:: Records for the exercise ::
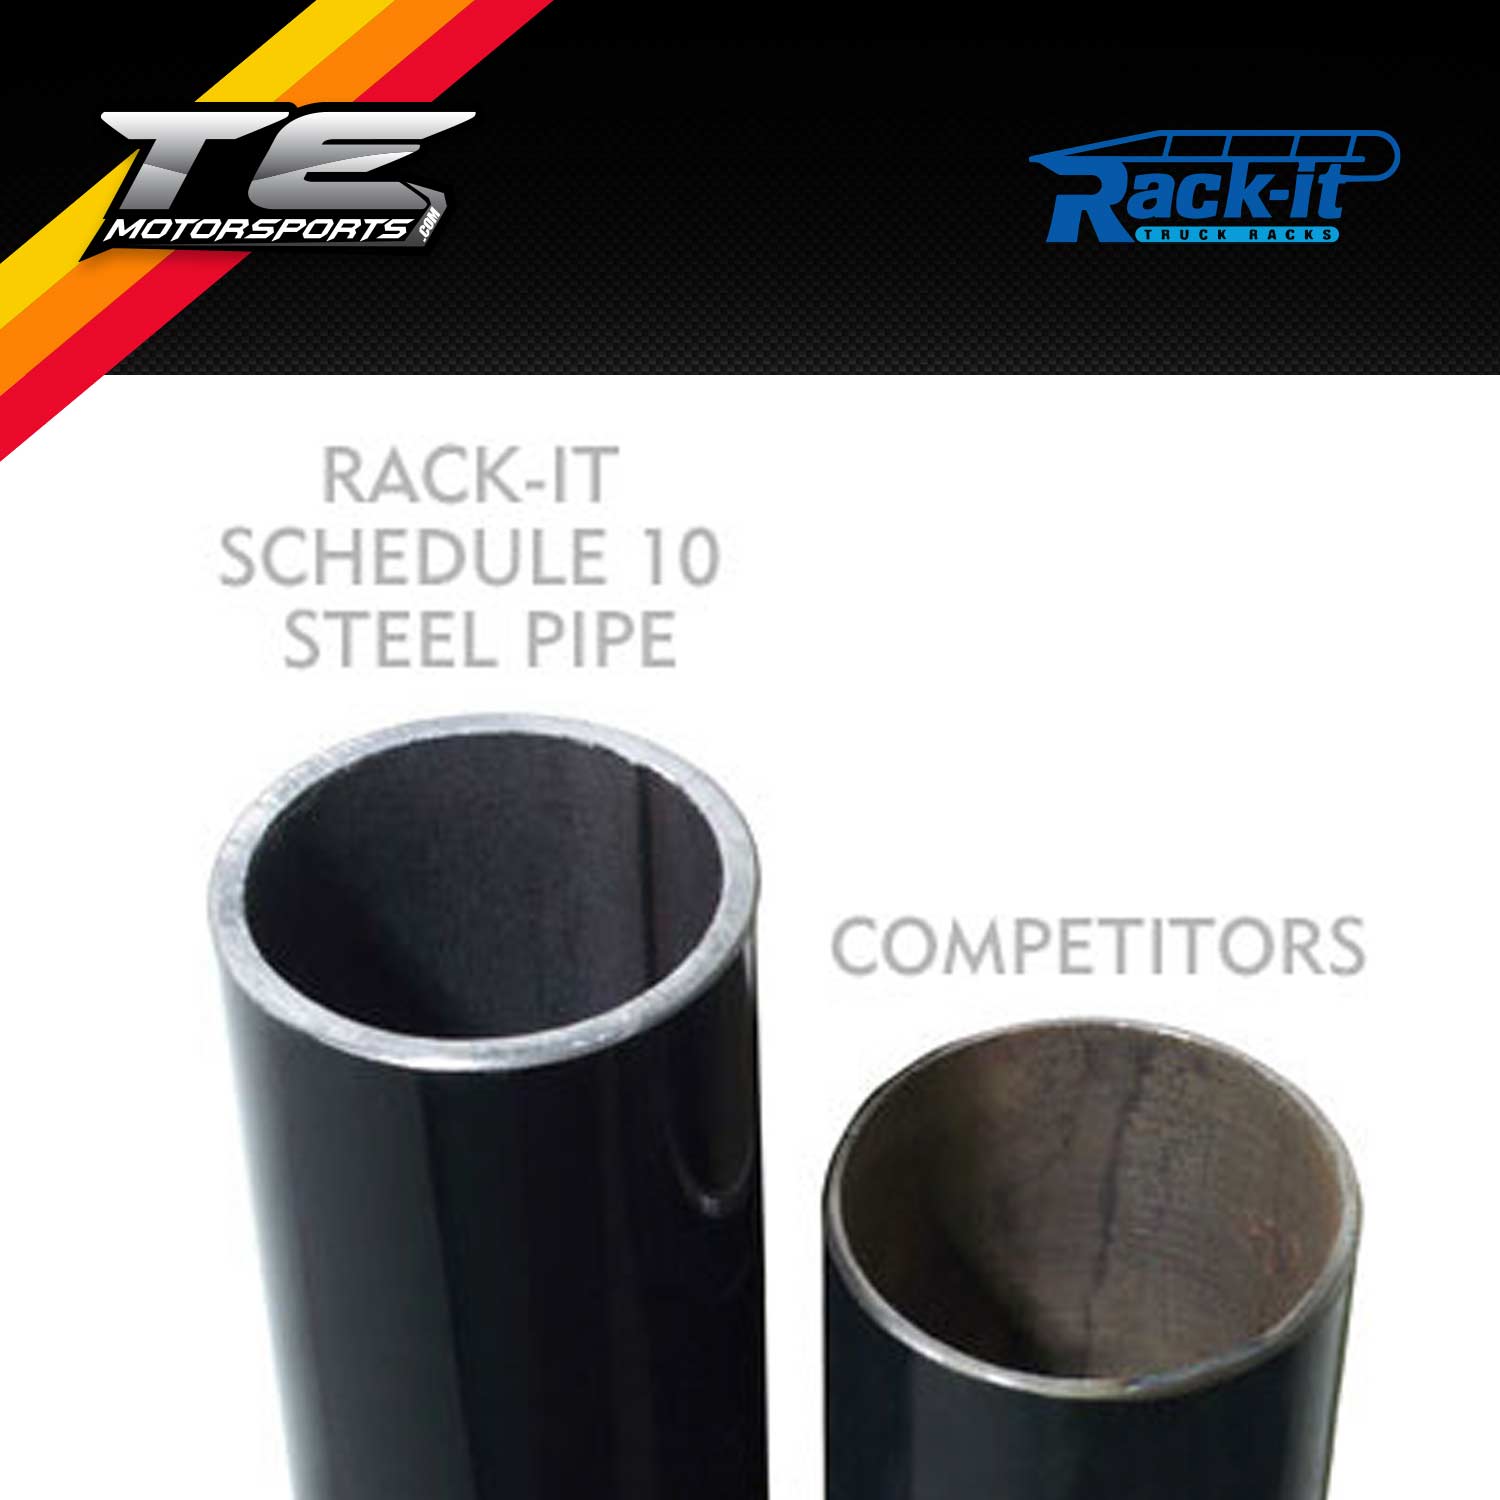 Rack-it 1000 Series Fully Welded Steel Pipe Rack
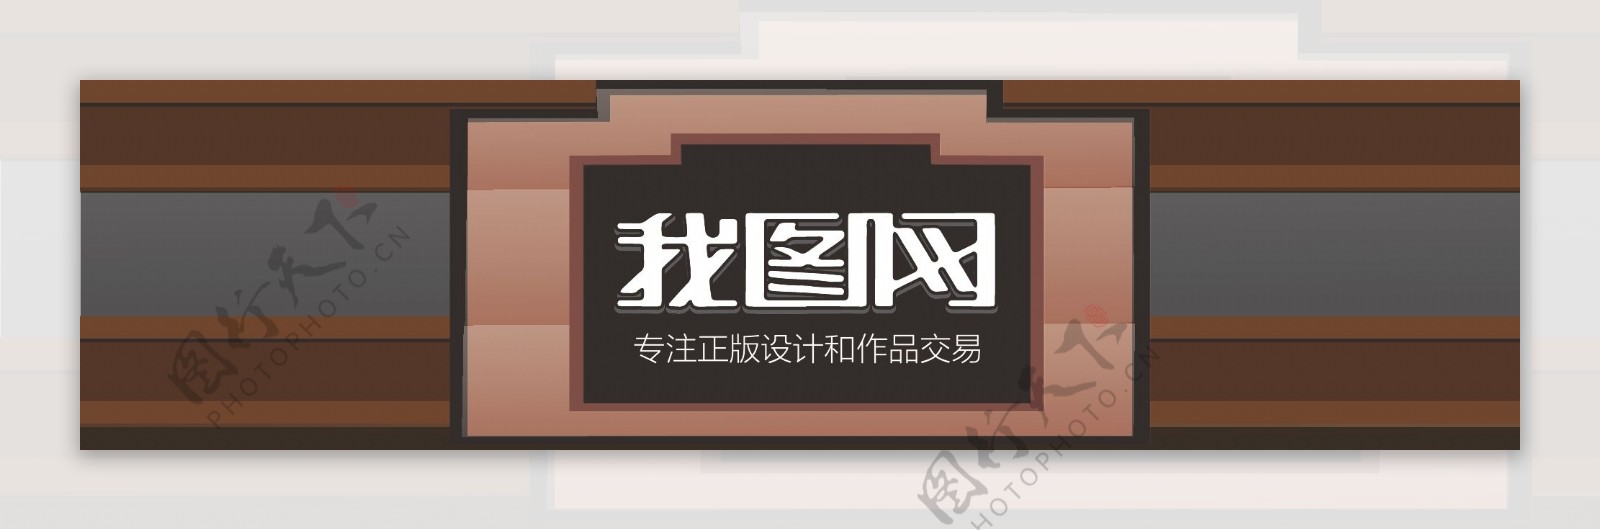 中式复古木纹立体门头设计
:::
:: Records for the exercise ::
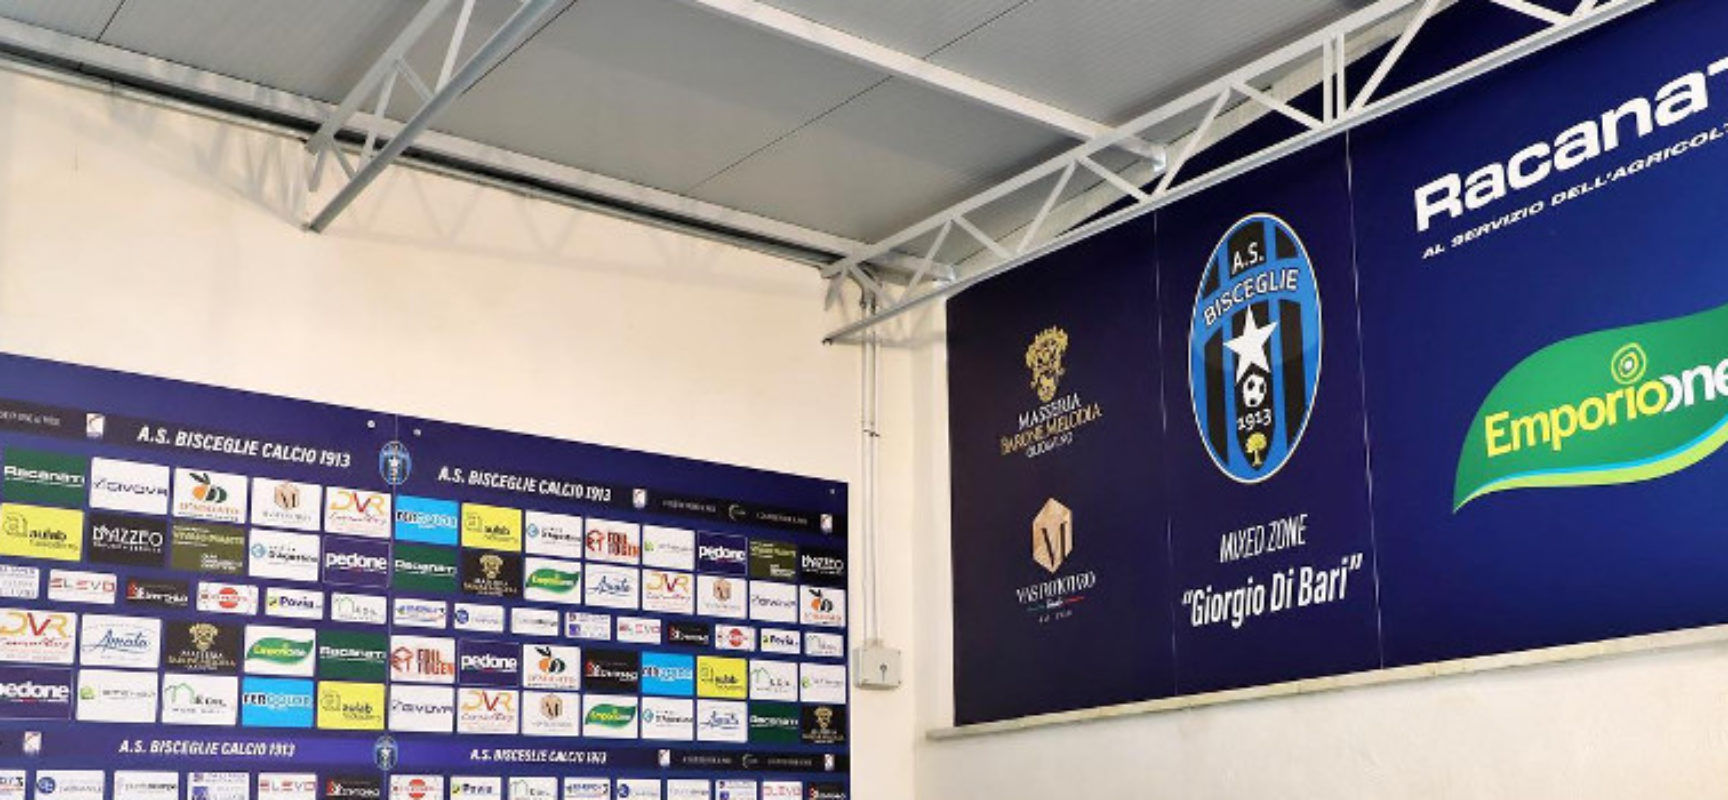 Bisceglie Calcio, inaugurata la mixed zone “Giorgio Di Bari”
:::
:: Records for the exercise ::
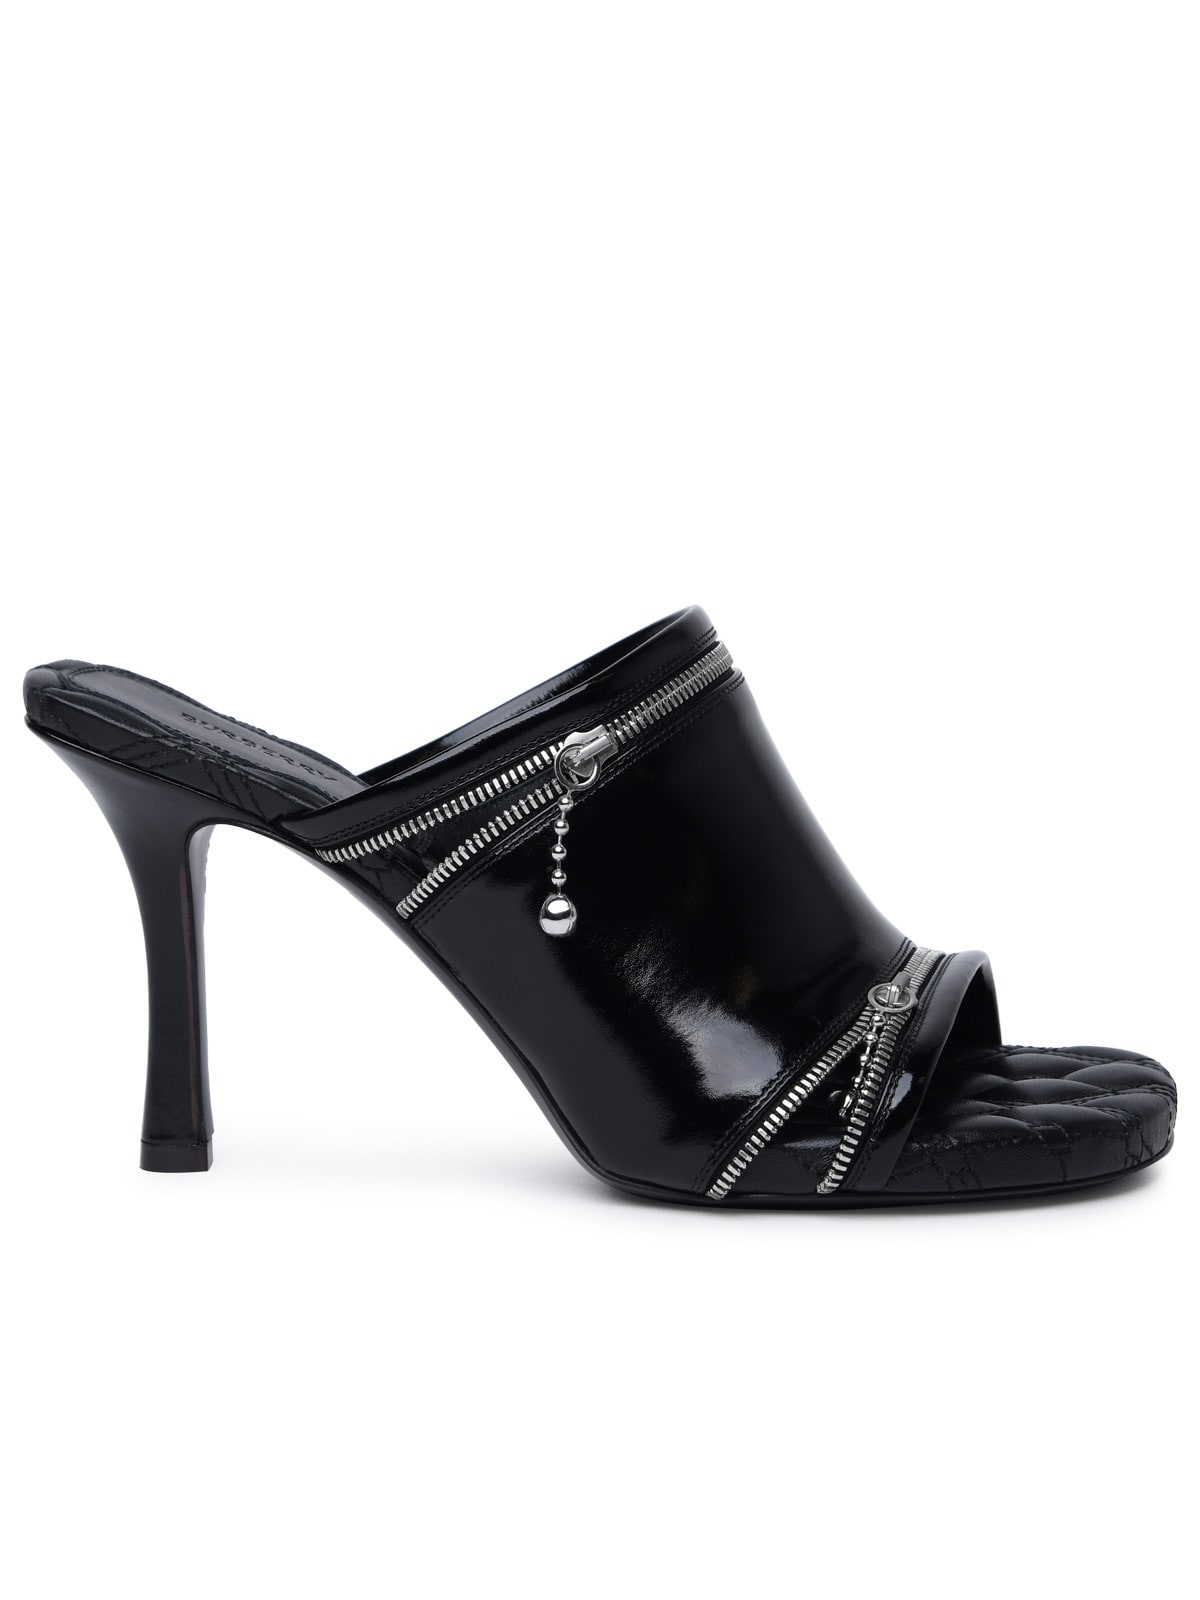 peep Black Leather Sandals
:::
> **Your instructions**:
Both the line containing "Rack-it 1000 Series" and the line containing "中式复古木纹立体门头设计" above belong in the output, as do the lines between them. Print them exactly, without pictures.

> **Your response**:
 Rack-it 1000 Series Fully Welded Steel Pipe Rack
 中式复古木纹立体门头设计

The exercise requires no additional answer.